Following his no doubt performative reading, which according to the BDH was met with cheers and applause, “Doumani reiterated students’ calls for divestment.”
It is of course possible that Awartani has quite amazing powers of pain suppression, concentration, and compartmentalization. That would explain why, within an extremely short time after a bullet entered his spine, he was able to compose the above notwithstanding whatever pain he was experiencing, whatever medications he was receiving and the effects of whatever IVs and other medical devices were being used to keep him alive.

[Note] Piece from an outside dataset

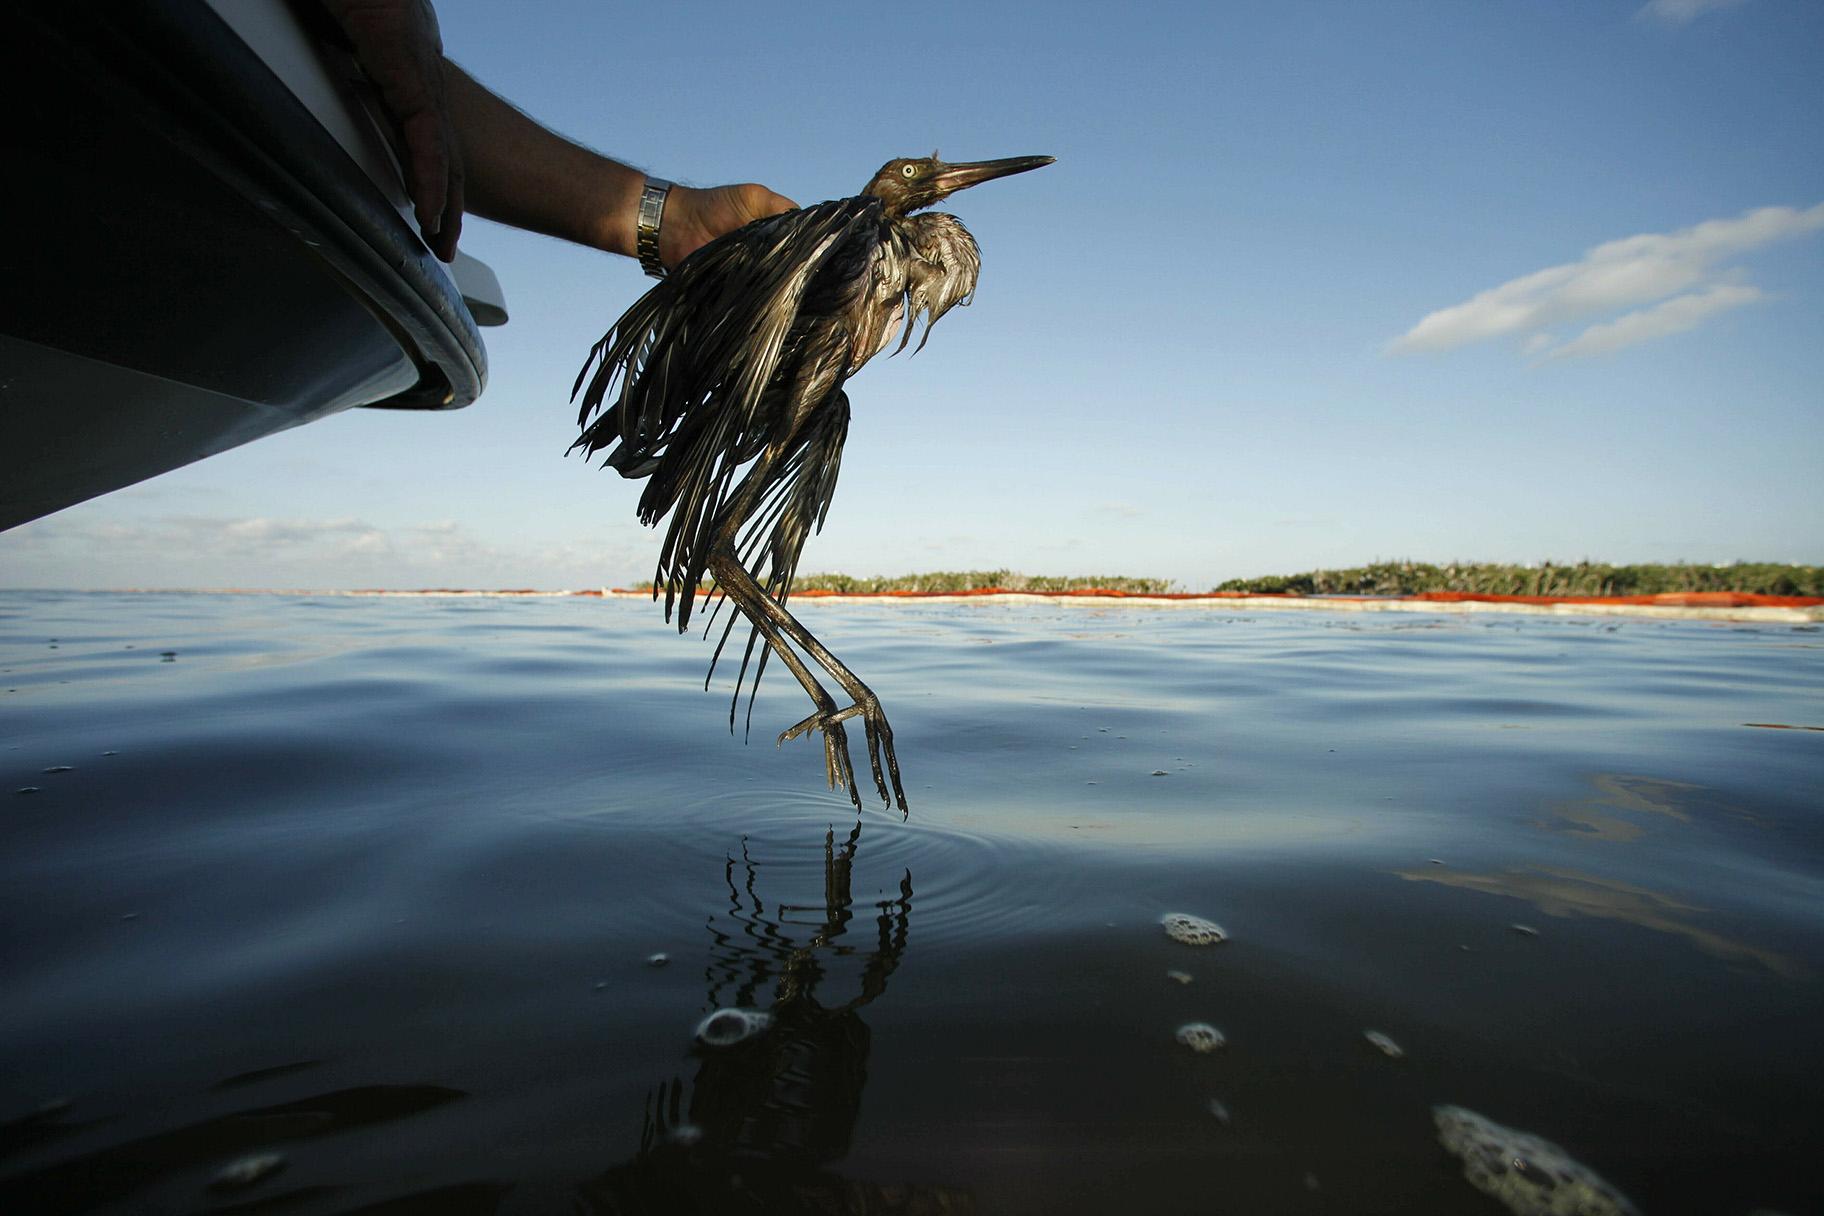 In this June 26, 2010 file photo, Plaquemines Parish Coastal Zone Director P.J. Hahn rescues a heavily oiled bird from the waters of Barataria Bay, La. (AP Photo / Gerald Herbert, File)

It also is possible that Doumani composed the message on his way to Awartani’s hospital bed in Burlington or at the hospital, read it to a seriously injured young man, and maybe even gotten Awartani to sign it or give his permission to use it and describe it as his. That of course, would have been an entirely irresponsible, entirely inexcusable, entirely unethical abuse of Doumani’s position and power and be cause for very serious consequences to follow. But given the long, well-documented history of the extent to which supporters and enablers of Hamas/Palestinians like Doumani have dissembled, told half-truths and lied to advance their cause it cannot be ruled out as a possibility. One need only recall the Al-Ahli Hospital explosion of October 17. Even the rabidly anti-Israel NGO Human Rights Watch has concluded that the explosion “resulted from an apparent rocket-propelled munition, such as those commonly used by Palestinian armed groups”. Has Doumani yet recanted his position on that or does he still maintain that Israel fired on the hospital?
Notwithstanding the circumstances, the BDH apparently never thought to question the provenance of the Awartani message. There would have been no reason for any reporter or editor to do so - the message fits the BDH-approved narrative perfectly.
Once again, what happened to those three young men in Burlington, VT last Saturday was a horrible tragedy whether or not it was a hate crime. Hopefully all three will recover fully and promptly.